Um die Zusammenarbeit zwischen Wissenschaft und Industrie zu fördern, schlägt das Forschungsteam einheitliche Protokolle für die Probennahme sowie regelmäßige Schulungen für die Fischer vor. Dies würde nicht nur die Qualität der gesammelten Daten verbessern, sondern auch dazu beitragen, sensible Lebensräume und Laichgebiete des Krills zu identifizieren und zu schützen.
Die Dringlichkeit dieser Maßnahmen wird durch die aktuelle Situation deutlich.
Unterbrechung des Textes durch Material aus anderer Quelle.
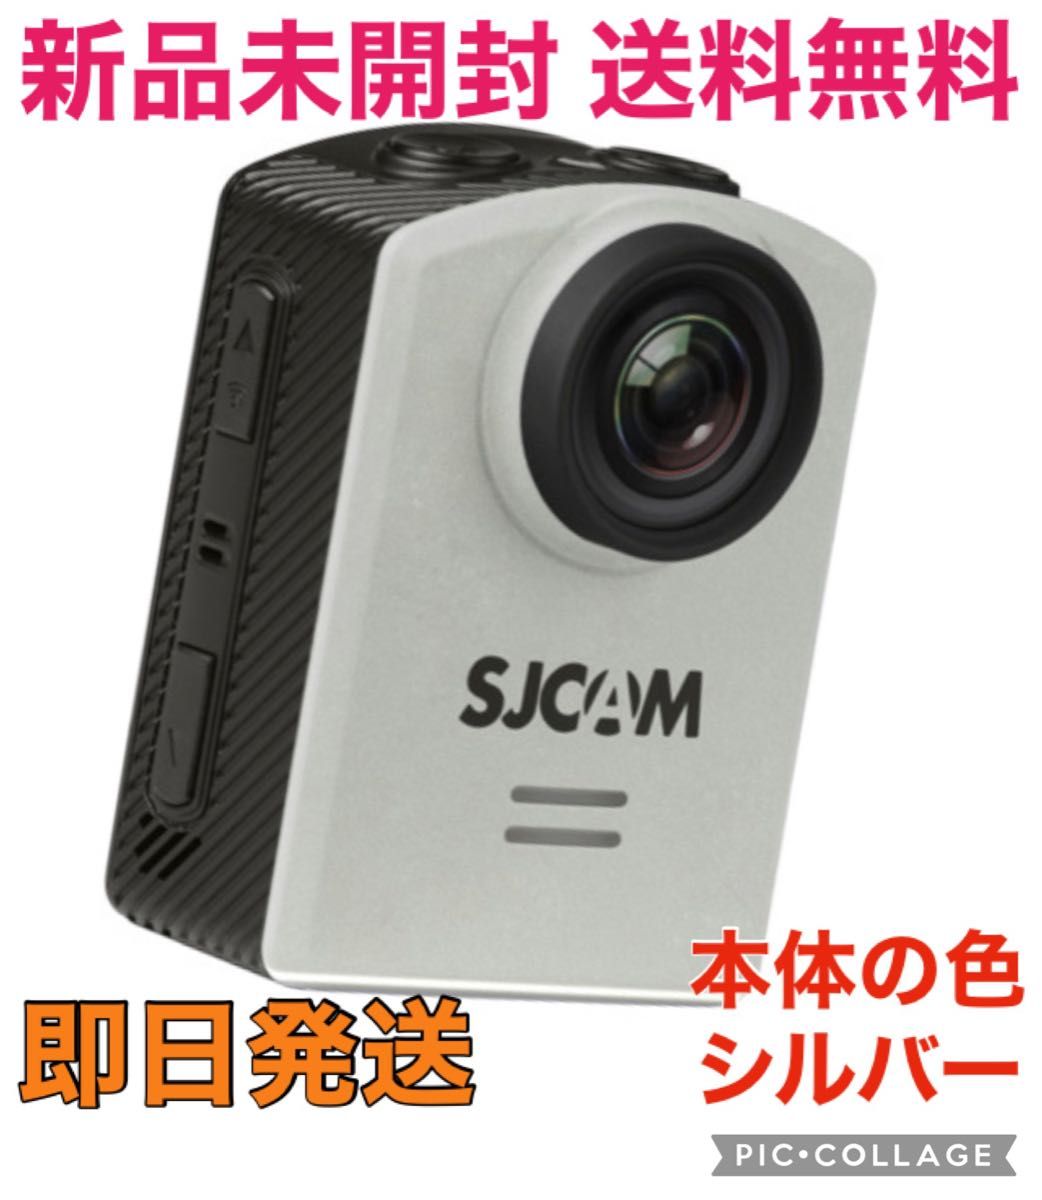 ★新品未開封 送料無料★ SJCAM M20 アクションカメラ 4K 防水 ドローン撮影

Die Fangaktivitäten konzentrieren sich vor allem auf drei Hauptfanggebiete in der Nähe der Antarktischen Halbinsel, den Südlichen Orkneyinseln und Südgeorgien. Im Jahr 2024 wurde die maximal erlaubte Fangmenge in einem dieser Gebiete, dem Teilgebiet 48.1, überschritten, was die Stabilität der Krillpopulation und damit das gesamte marine Ökosystem gefährden könnte.
Prof. Meyer betont die Notwendigkeit eines pragmatischen Ansatzes: „Es wäre ideal, wenn in der Antarktis gar nicht gefischt würde. Angesichts der wirtschaftlichen Interessen der CCAMLR-Staaten ist dies jedoch unrealistisch. Wir müssen daher gemeinsam an einer nachhaltigen Lösung arbeiten.“
Durch die Kooperation mit der Fischerei kann das Monitoring der Krillbestände erheblich verbessert werden, was zu einer besseren Regulierung der Fangquoten und -zeiten führen könnte. Dies würde nicht nur die Krillpopulation schützen, sondern auch die gesamte marine Biodiversität in dieser einzigartigen Region der Erde unterstützen. Künftige Diskussionen bei der CCAMLR könnten entscheidend dafür sein, wie diese Ideen in die Praxis umgesetzt werden.